- **Source records**
= = = = = = =
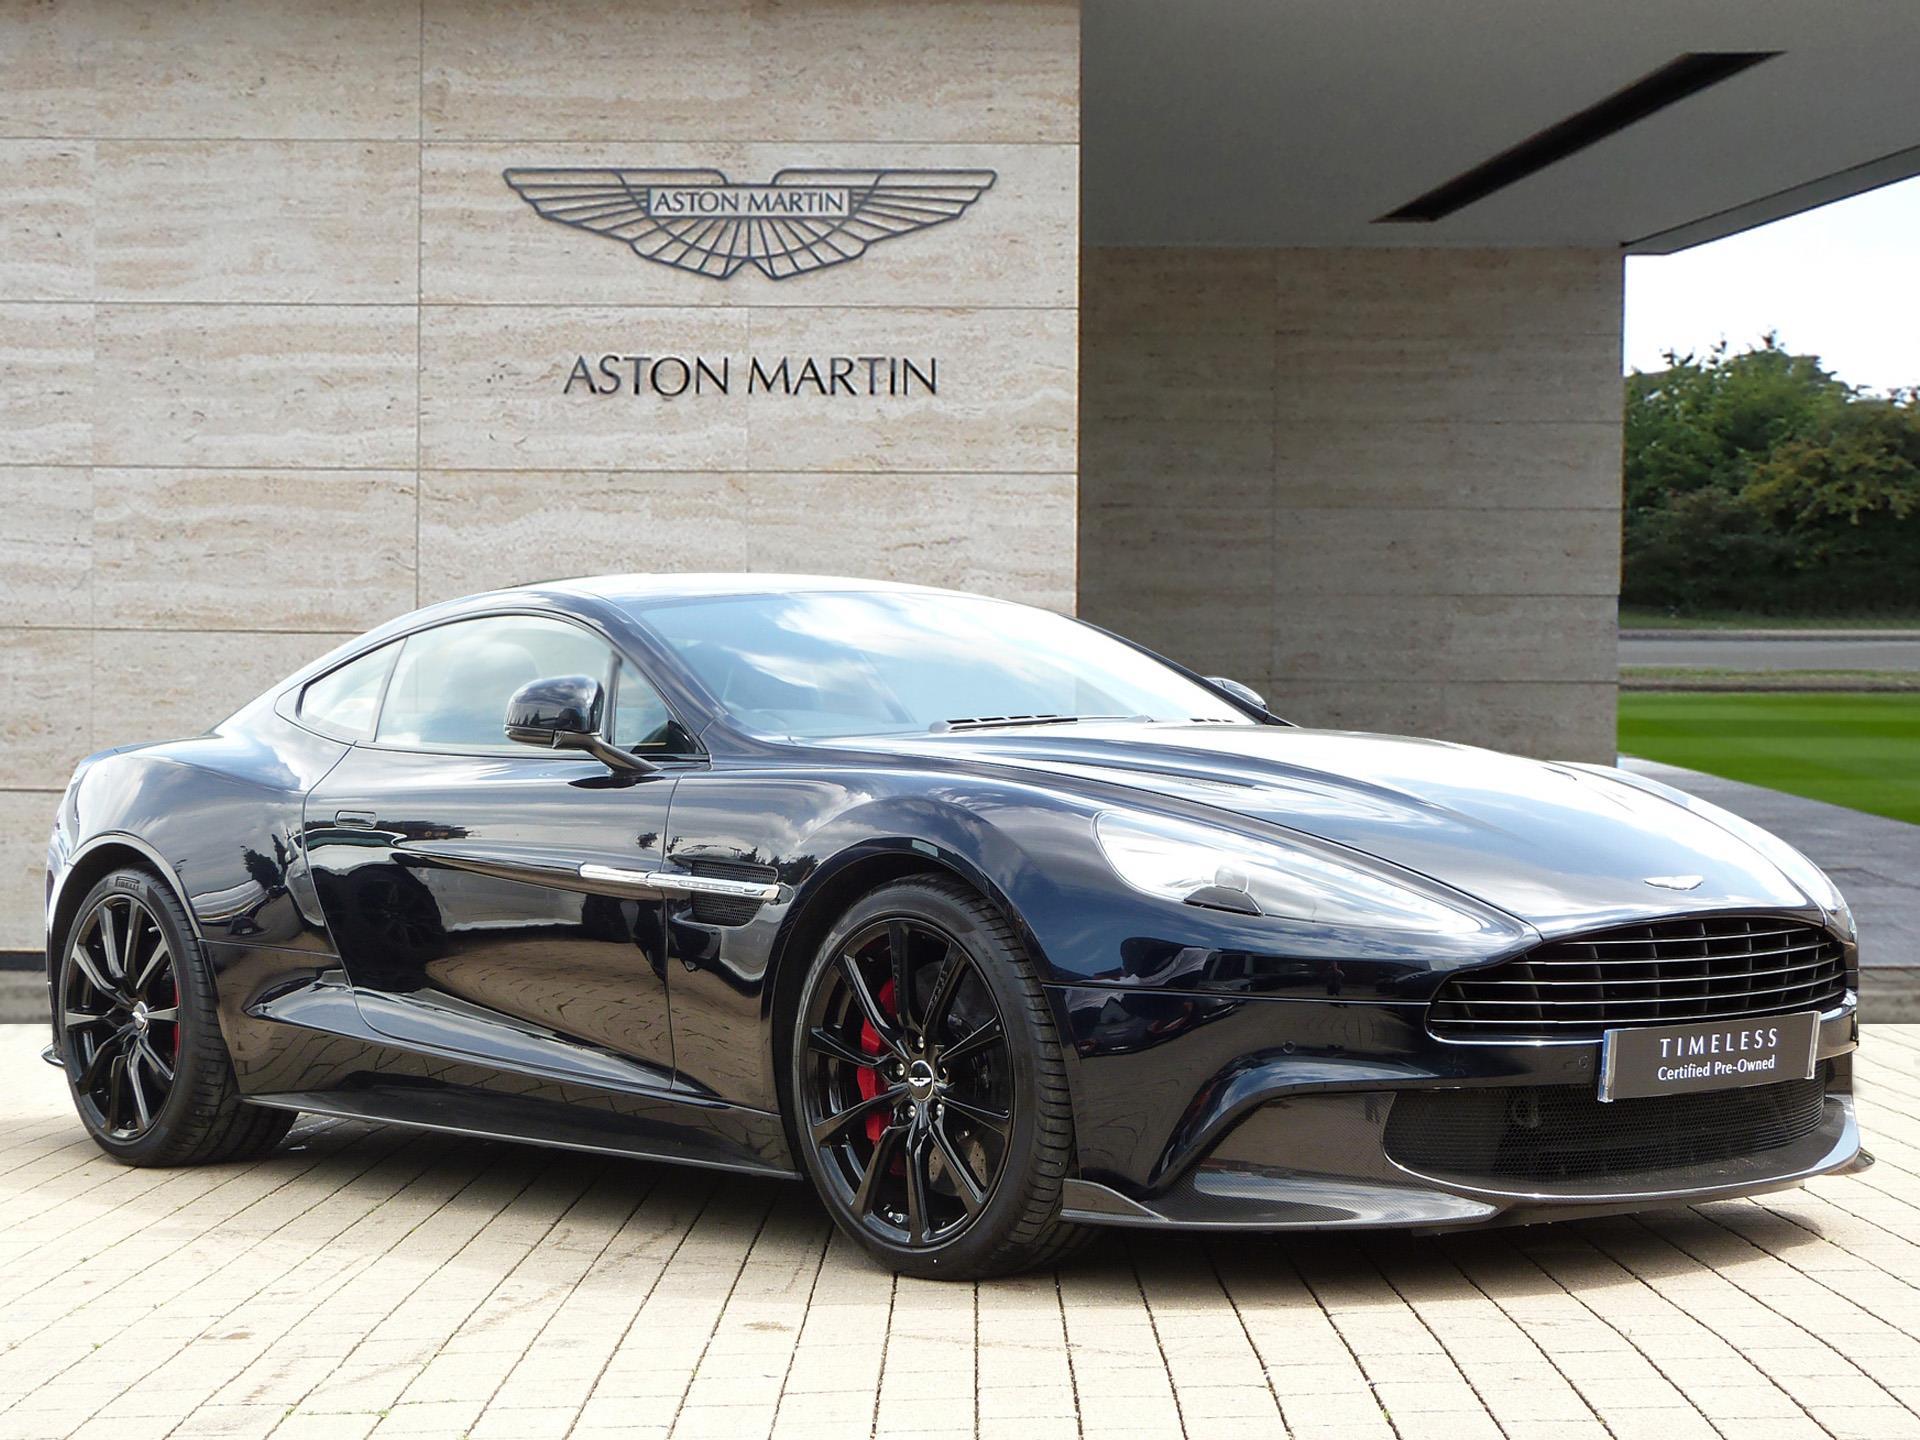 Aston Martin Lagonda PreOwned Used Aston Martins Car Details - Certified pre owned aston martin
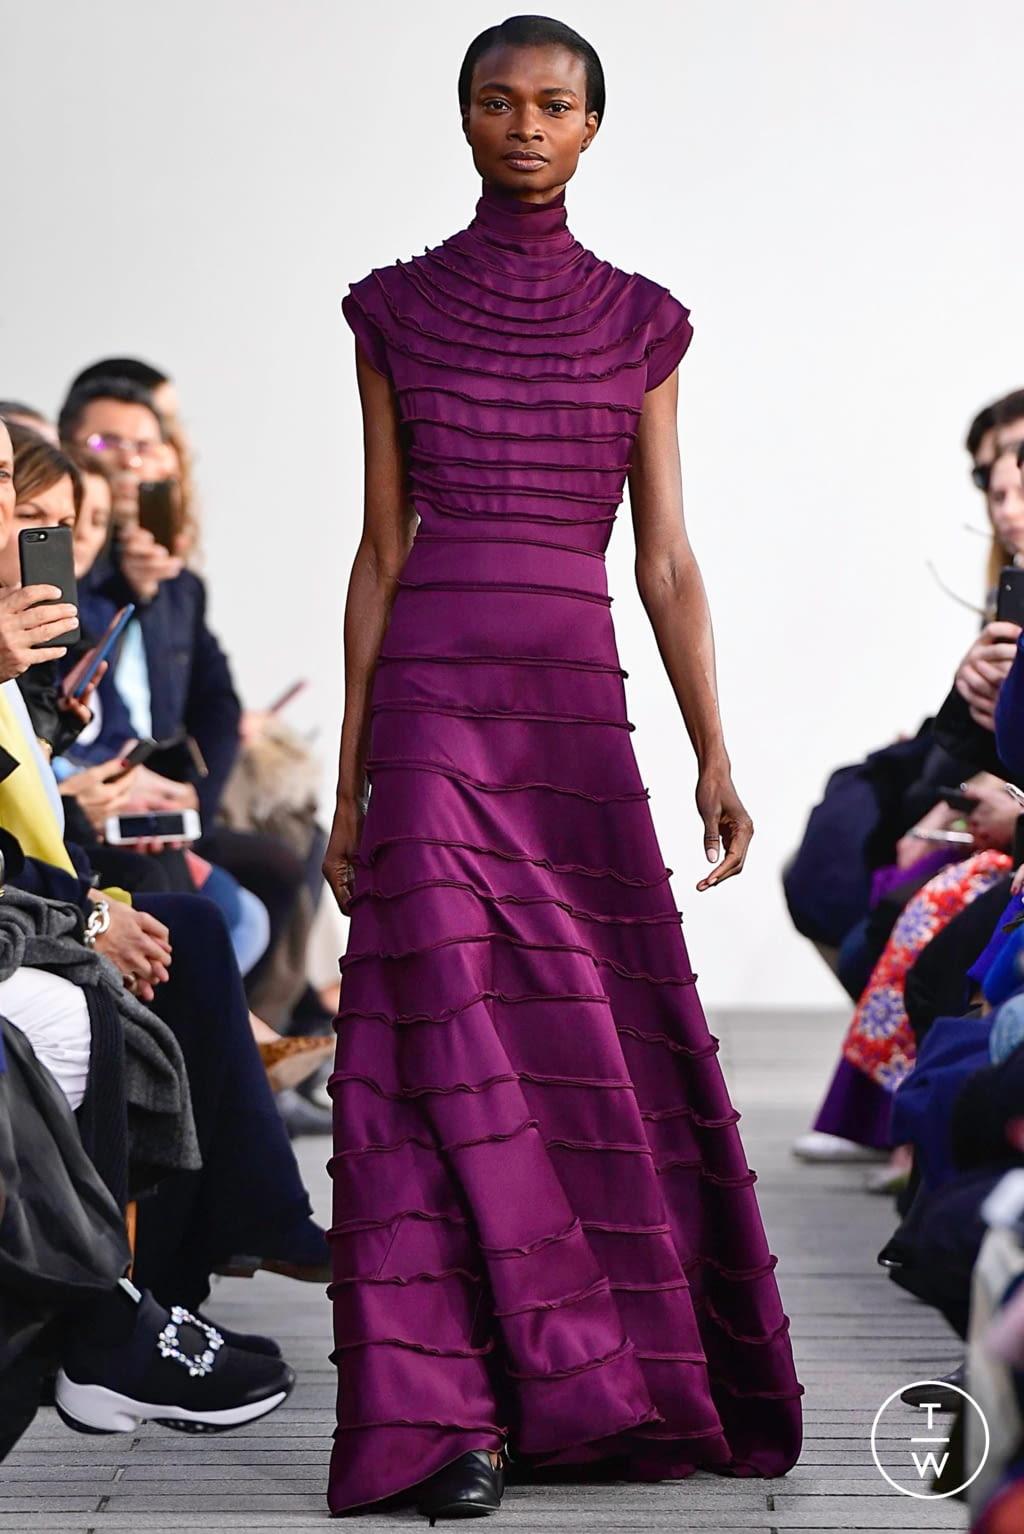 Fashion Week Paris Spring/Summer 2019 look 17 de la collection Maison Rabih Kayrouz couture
= = = = = = =
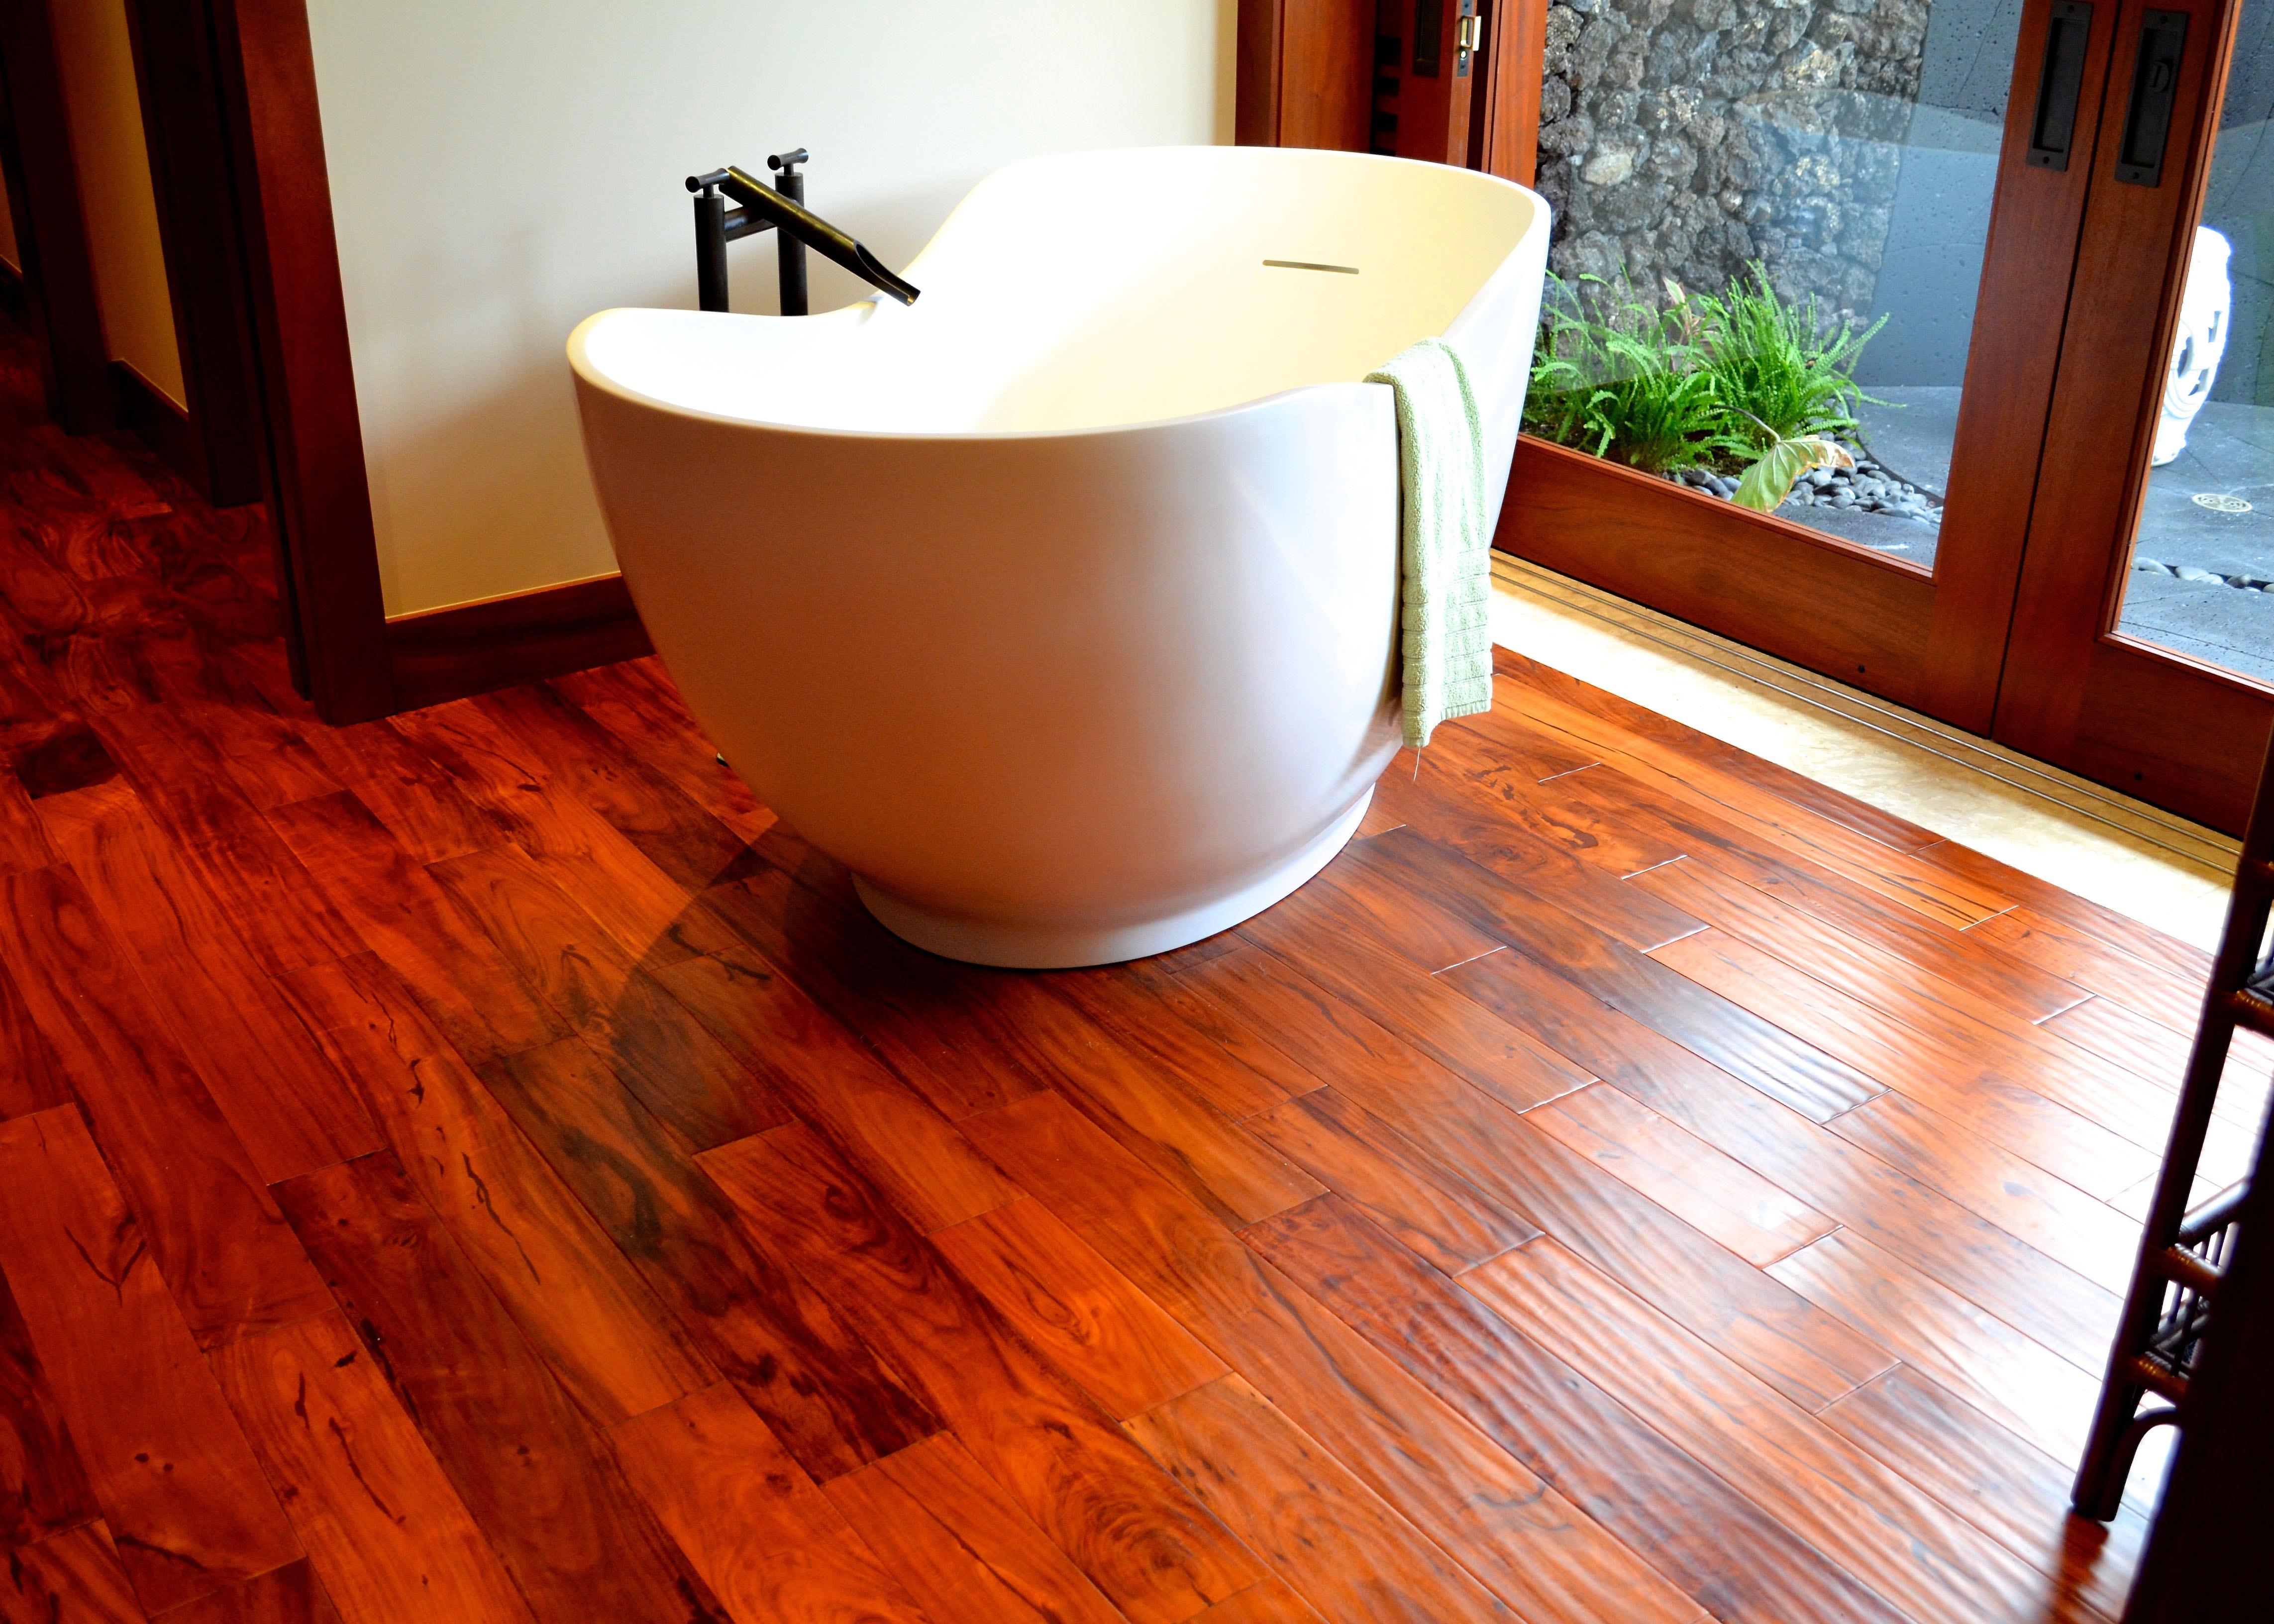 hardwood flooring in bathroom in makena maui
= = = = = = =
- **Assignment**
Copy back exactly the lines above from the one containing "Aston Martin Lagonda" through the one containing "Fashion Week Paris", and leave every picture behind.

- **Solution to this problem**
 Aston Martin Lagonda PreOwned Used Aston Martins Car Details - Certified pre owned aston martin
 Fashion Week Paris Spring/Summer 2019 look 17 de la collection Maison Rabih Kayrouz couture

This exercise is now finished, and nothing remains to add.